> **Work required**: Give back the whole listing exactly as written, pictures excluded.

> **Material provided**:
----

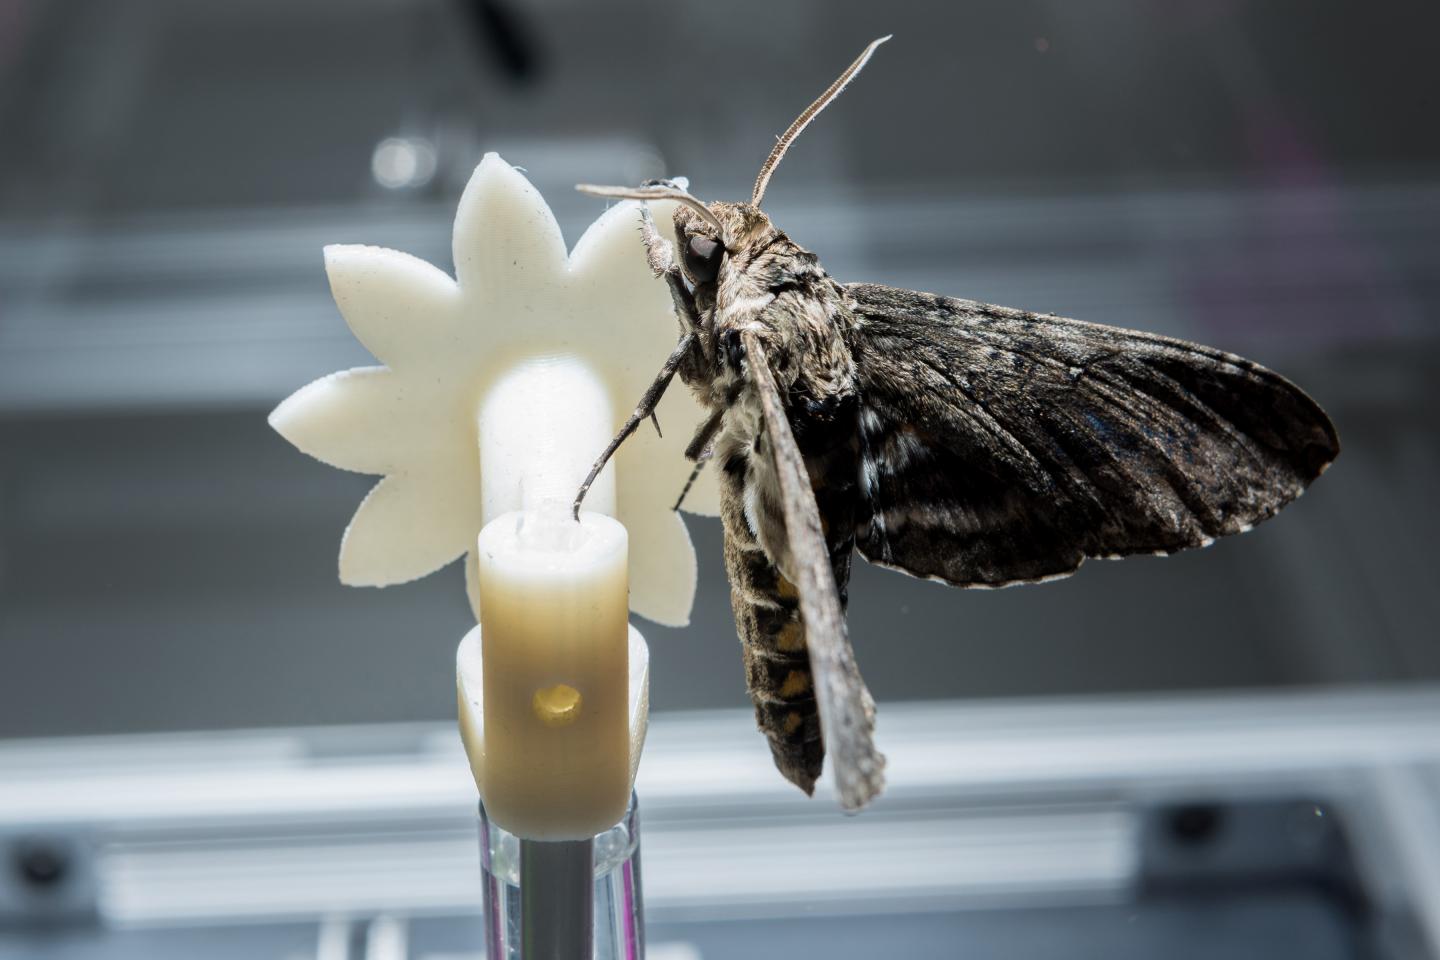 Hawkmoth Clings to a Robotic Flower
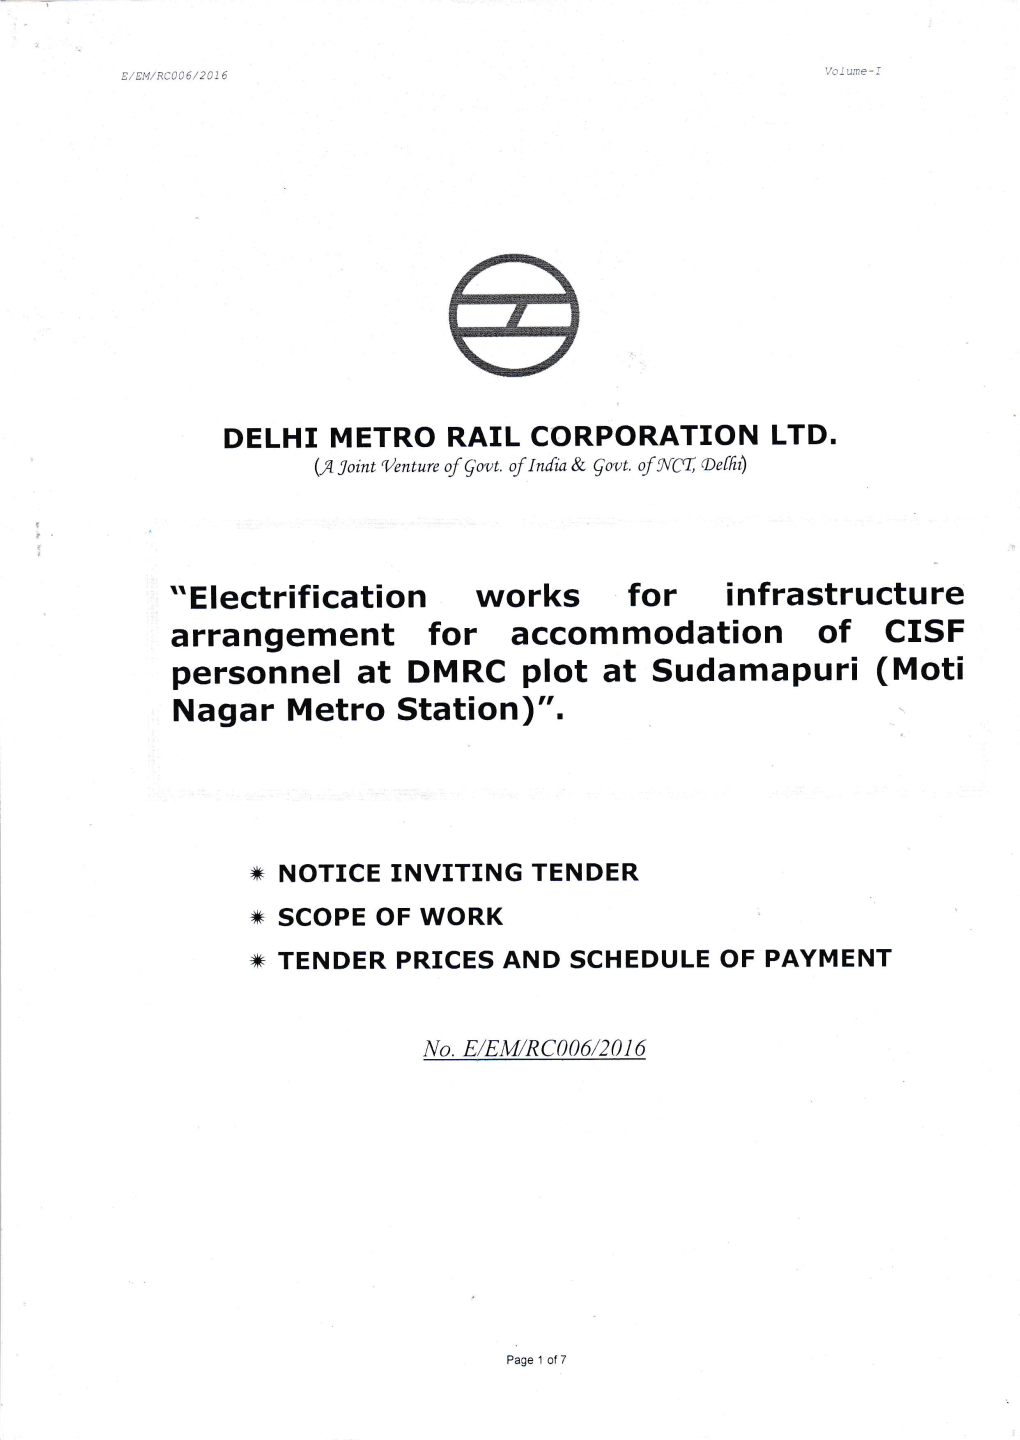 " Electrif Ication Works for Inf Rastructu Re Arrangement for Accommodation of Clsf Personnel at DMRC Plot at Sudamapuri (Moti Nagar Metro Station)"
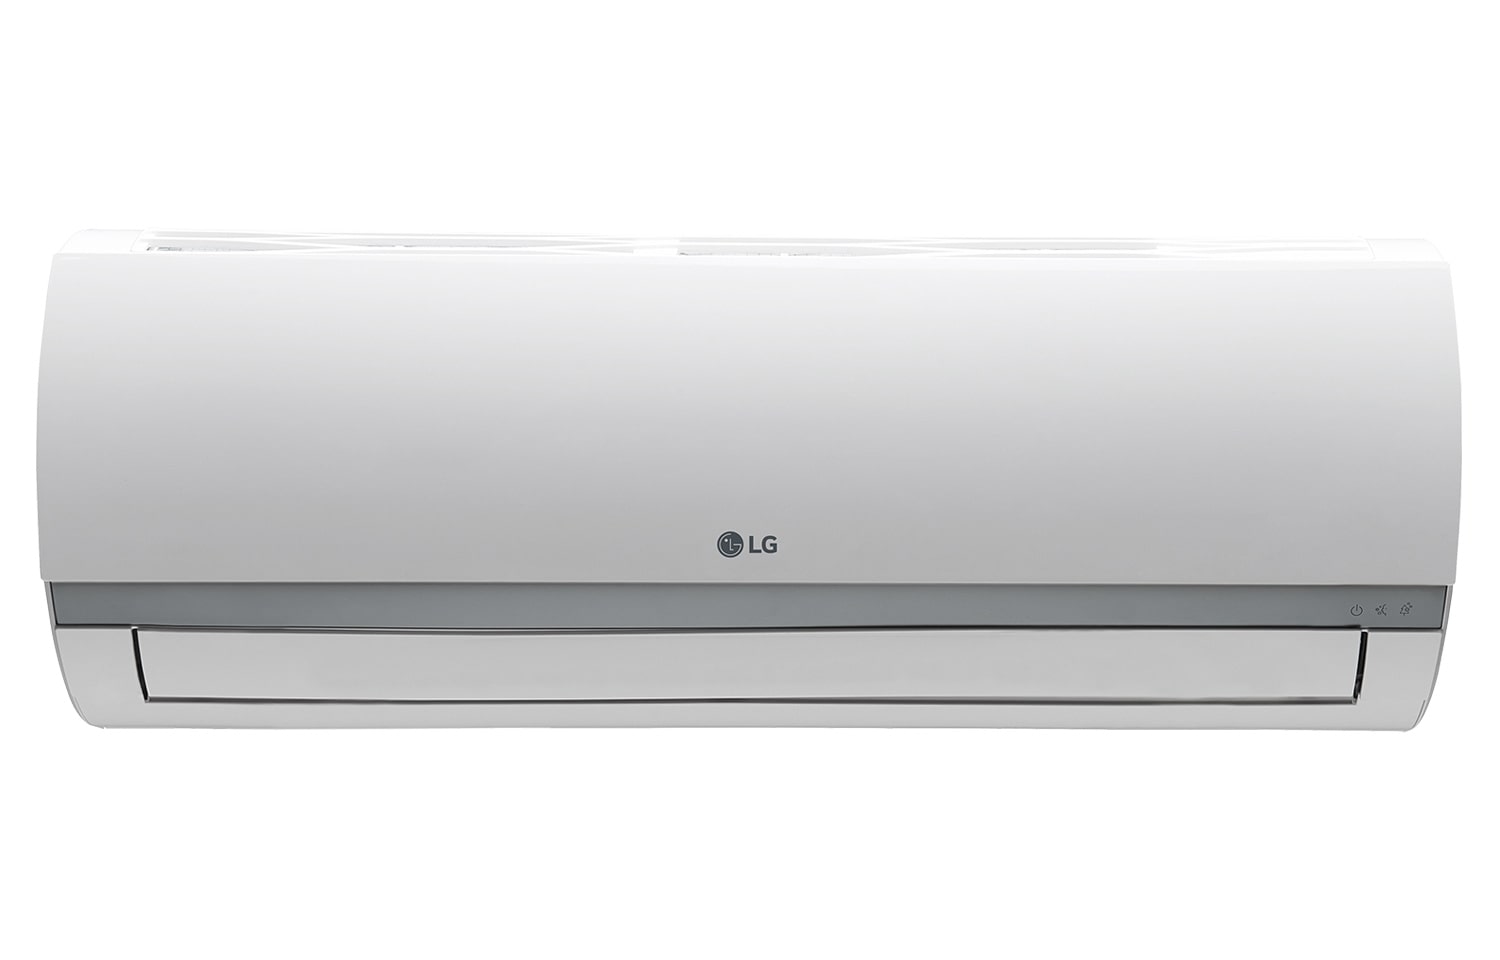 LG Deluxe Non-Inverter Air Conditioner – 1.5HP, BS-C126HYA0

----

> **Task output**:
 Hawkmoth Clings to a Robotic Flower
 " Electrif Ication Works for Inf Rastructu Re Arrangement for Accommodation of Clsf Personnel at DMRC Plot at Sudamapuri (Moti Nagar Metro Station)"
 LG Deluxe Non-Inverter Air Conditioner – 1.5HP, BS-C126HYA0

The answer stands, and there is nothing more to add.